Fenretinide (FEN) is a synthetic retinoid that inhibits obesity and insulin resistance in high-fat diet (HFD)-fed mice and completely prevents 3T3-L1 pre-adipocyte differentiation. The aim of this study was to determine the mechanism(s) of FEN action in 3T3-L1 adipocytes and in mice. We used the 3T3-L1 model of adipogenesis, fully differentiated 3T3-L1 adipocytes and adipose tissue from HFD-induced obese mice to investigate the mechanisms of FEN action. We measured expression of adipogenic and retinoid genes by qPCR and activation of nutrient-signalling pathways by western blotting. Global lipid and metabolite analysis was performed and specific ceramide lipid species measured by liquid chromatography-mass spectrometry. We provide direct evidence that FEN inhibits 3T3-L1 adipogenesis via RA-receptor (RAR)-dependent signaling.
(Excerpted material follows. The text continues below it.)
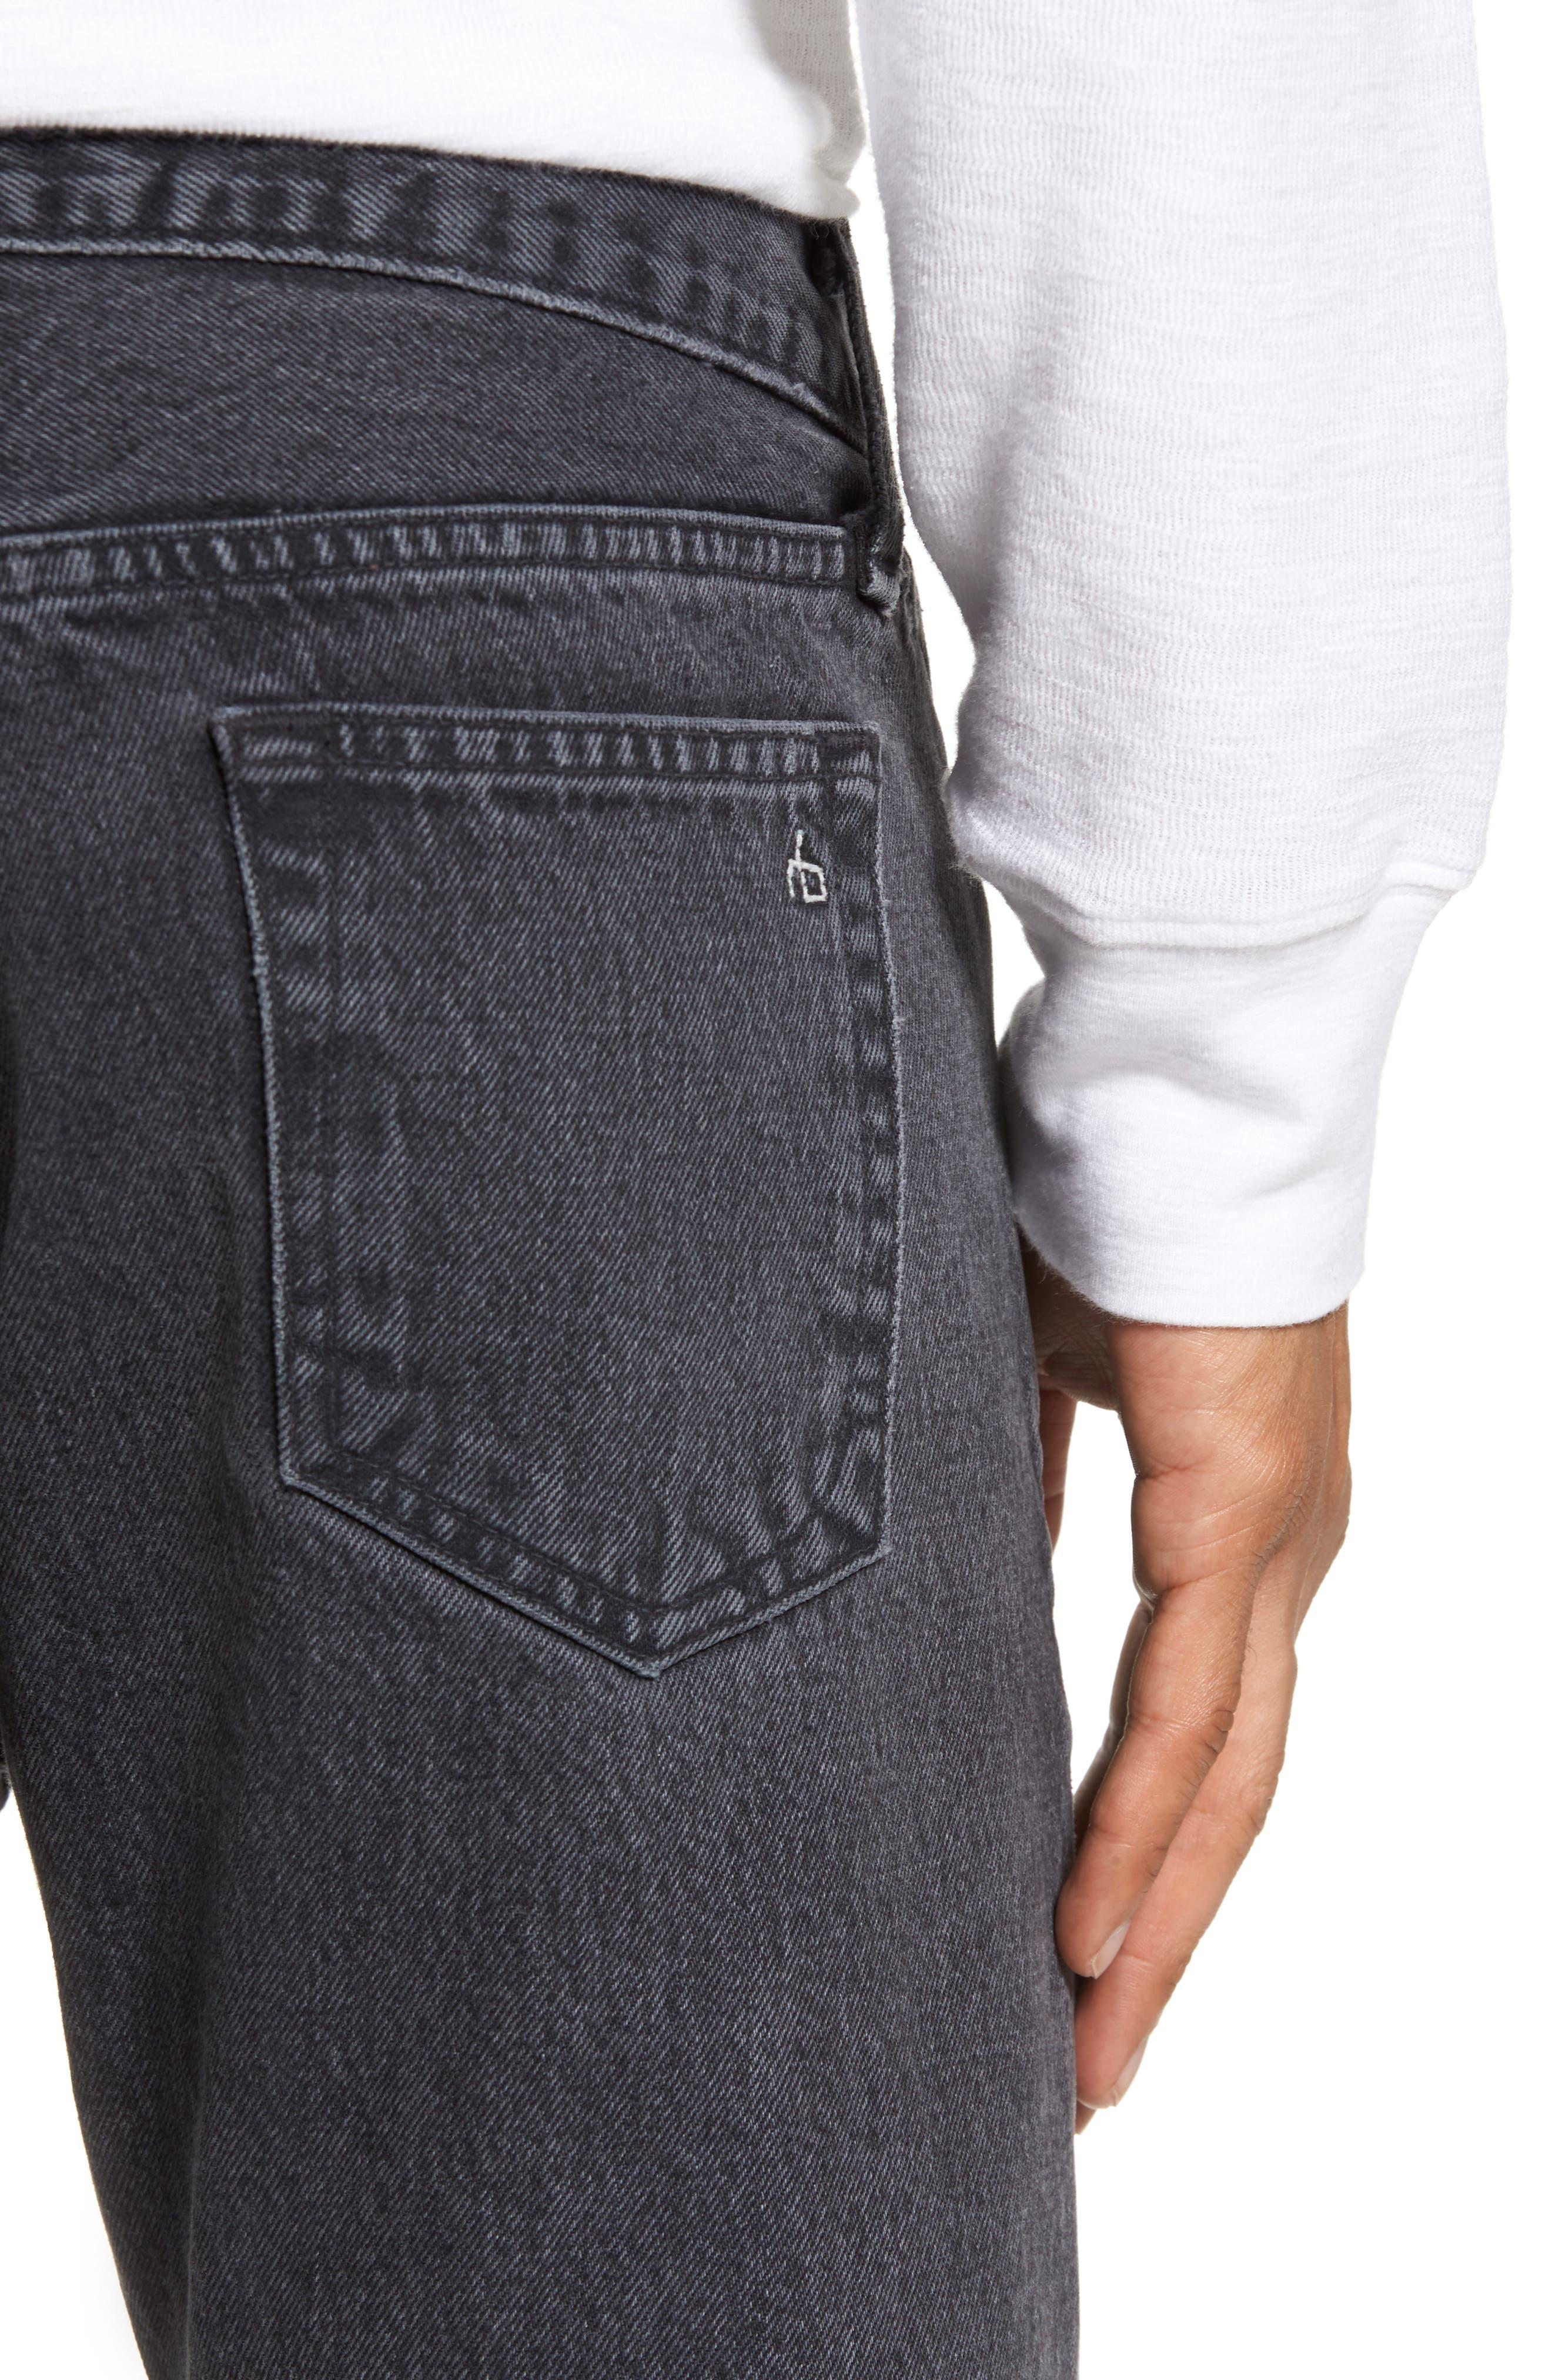 Fit 2 Slim Fit Jeans,                             Alternate thumbnail 4, color,                             001

However, RARα antagonism did not prevent FEN-induced decreases in lipid levels in mature 3T3-L1 adipocytes, suggesting an RAR-independent mechanism. Lipidomics analysis revealed that FEN increased dihydroceramide lipid species 5- to 16-fold in adipocytes, indicating an inhibition of the final step of ceramide biosynthesis. A similar blockade in adipose tissue from FEN-treated obese mice was associated with a complete normalisation of impaired mitochondrial β-oxidation and tricarboxylic acid cycle flux. The FEN catabolite, 4-oxo-N-(4-hydroxyphenyl)retinamide (4-OXO), also decreased lipid accumulation without affecting adipogenesis. FEN and 4-OXO (but not RA) treatment additionally led to the activation of p38-MAPK, peIF2α and autophagy markers in adipocytes. Overall our data reveals FEN utilises both RAR-dependent and -independent pathways to regulate adipocyte biology, both of which may be required for FEN to prevent obesity and insulin resistance in vivo.
This work was supported by the British Heart Foundation Intermediate Basic Research Fellowship FS/09/026/27398 to NM., the Biotechnology and Biological Sciences Research Council doctoral training grant awarded to GDM and the Wellcome Trust and the University of Aberdeen ISSF Fund to NM and LG and The Royal Society (of London) to NM. SRT, BHM, MKD and PDW gratefully acknowledge Highlands and Islands Enterprise, Scottish Funding Council and the European Regional Development Fund for financial support.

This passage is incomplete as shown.